(Dataset excerpts)
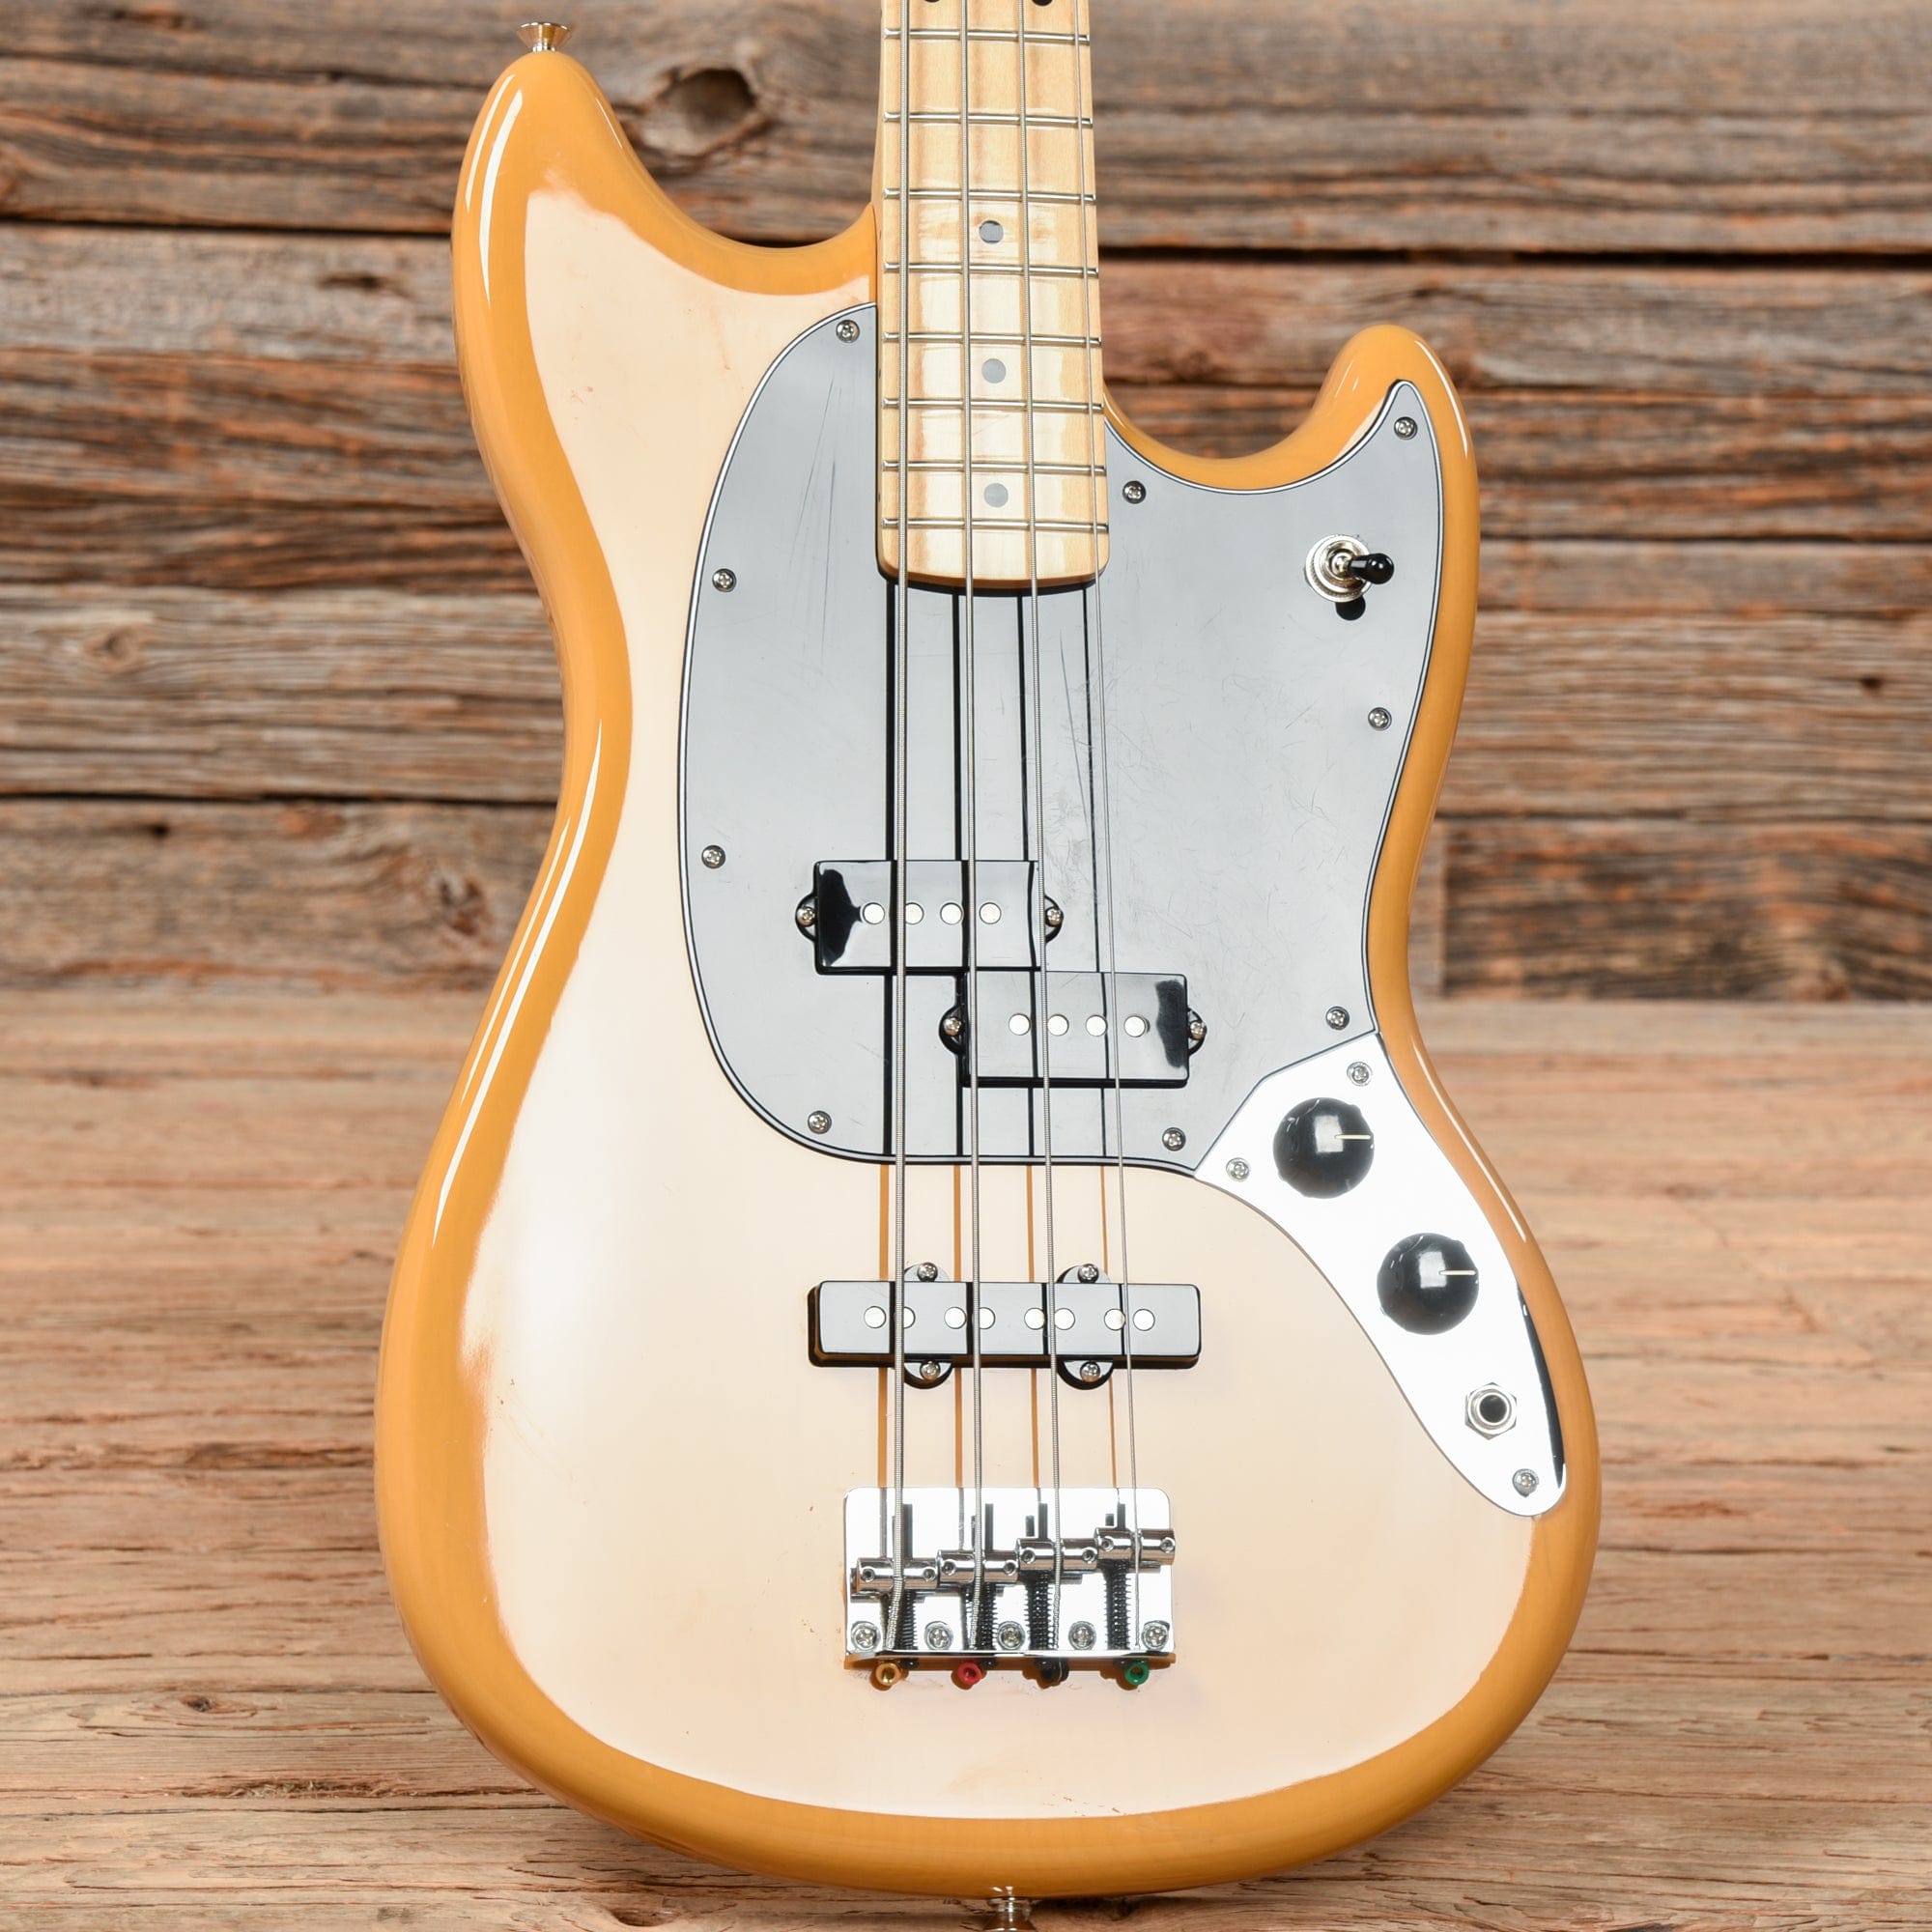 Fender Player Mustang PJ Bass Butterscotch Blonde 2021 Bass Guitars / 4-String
(End Dataset excerpts)
(Dataset excerpts)
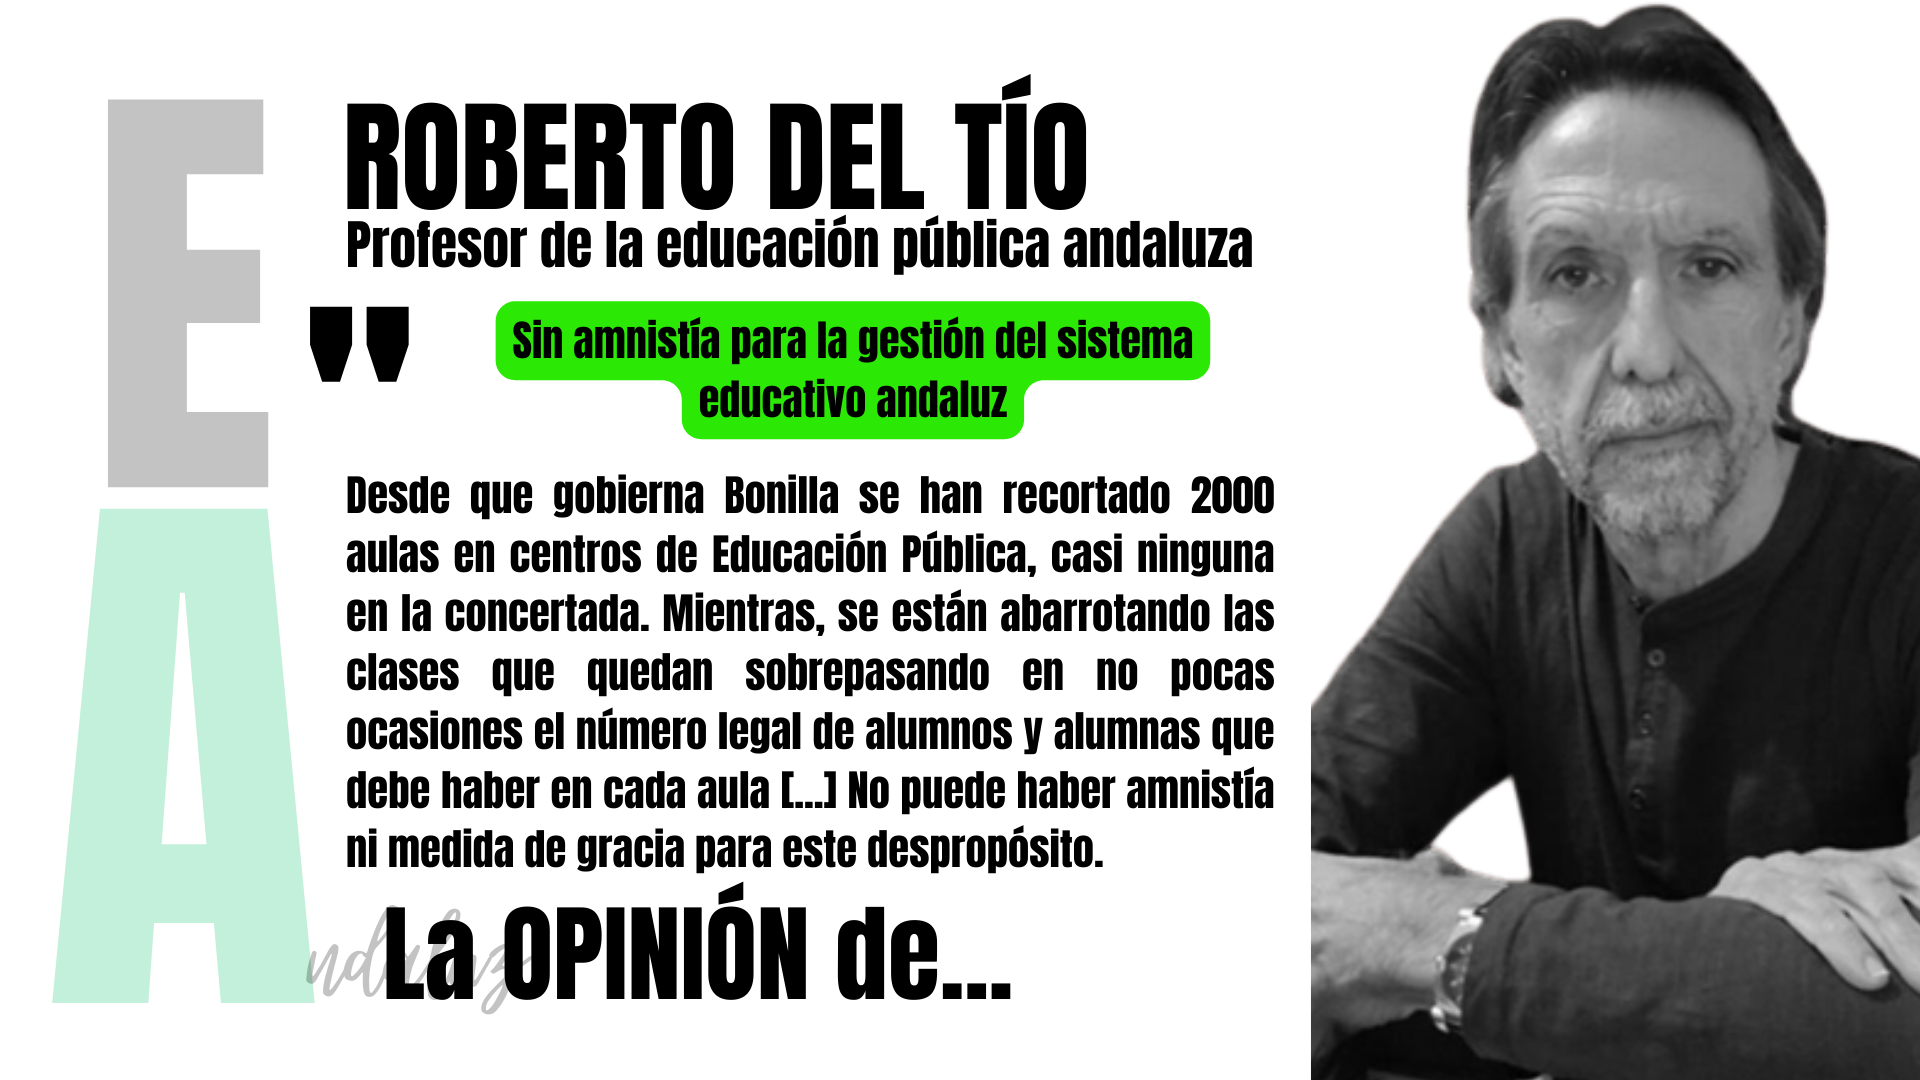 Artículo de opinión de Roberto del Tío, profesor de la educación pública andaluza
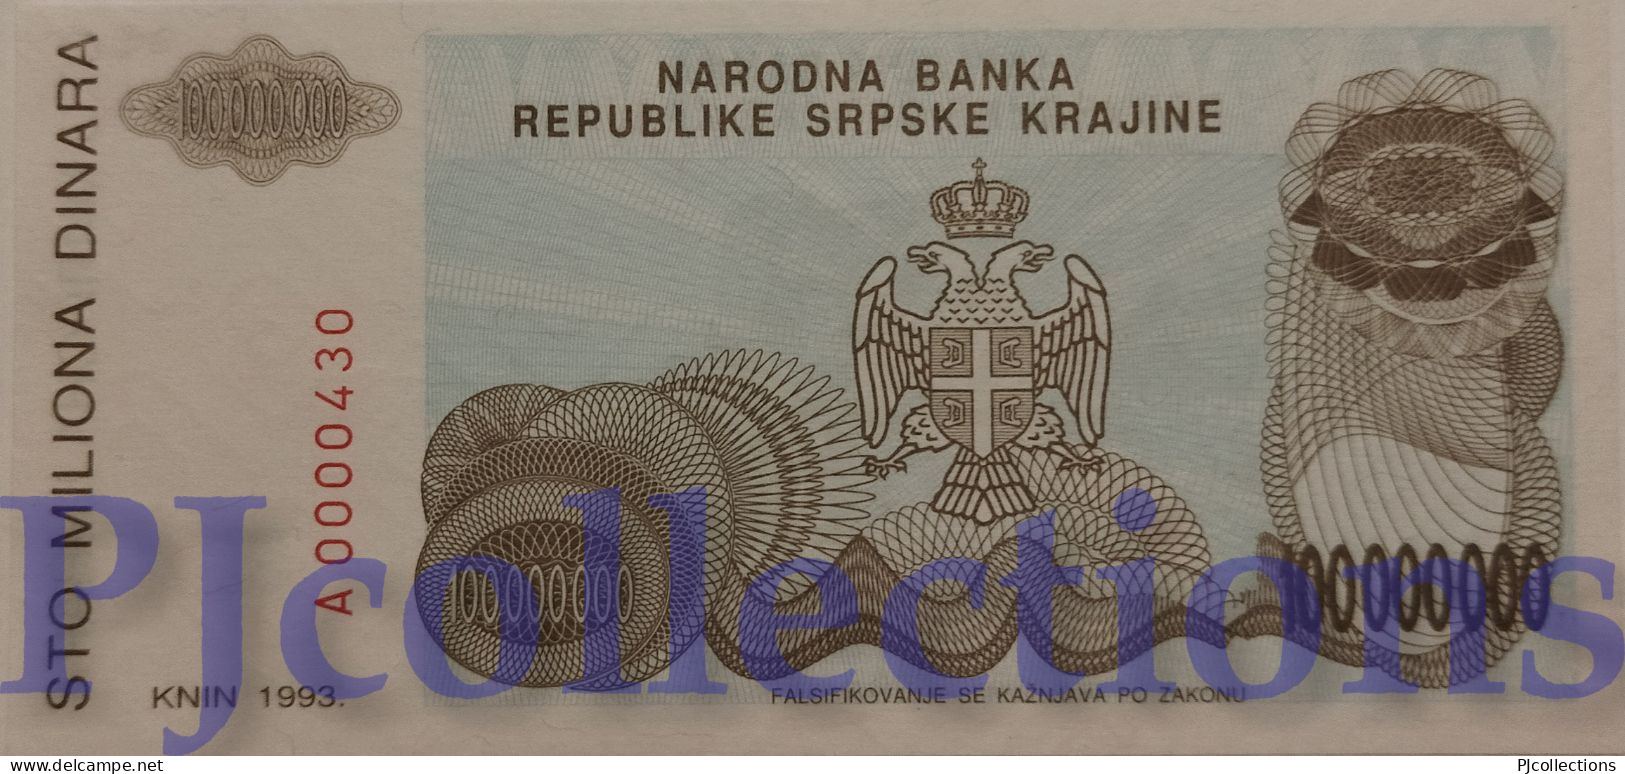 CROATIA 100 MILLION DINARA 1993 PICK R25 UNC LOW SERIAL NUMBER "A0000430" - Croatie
(End Dataset excerpts)
(Dataset excerpts)
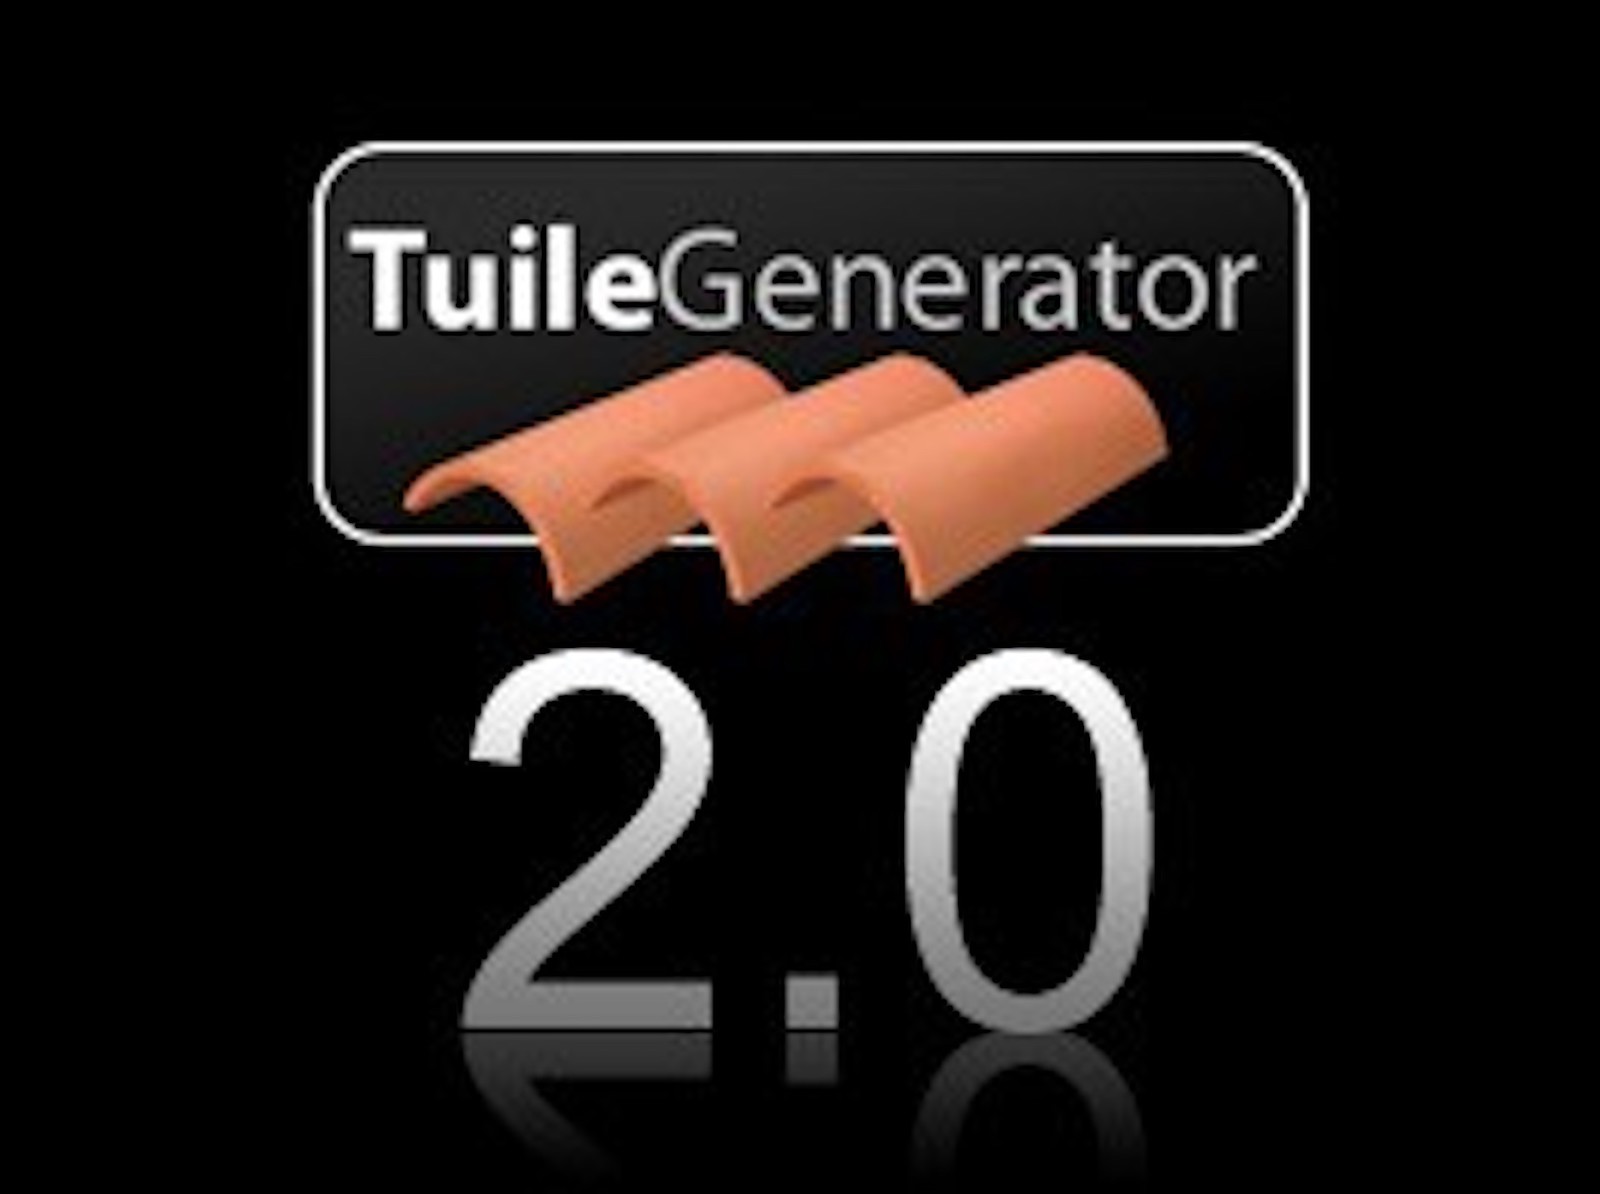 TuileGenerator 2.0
(End Dataset excerpts)
Above are some records; extract exactly the lines from the one containing "Artículo de opinión" through the one containing "CROATIA 100 MILLION" and drop the pictures.

Answer area =>
 Artículo de opinión de Roberto del Tío, profesor de la educación pública andaluza
 CROATIA 100 MILLION DINARA 1993 PICK R25 UNC LOW SERIAL NUMBER "A0000430" - Croatie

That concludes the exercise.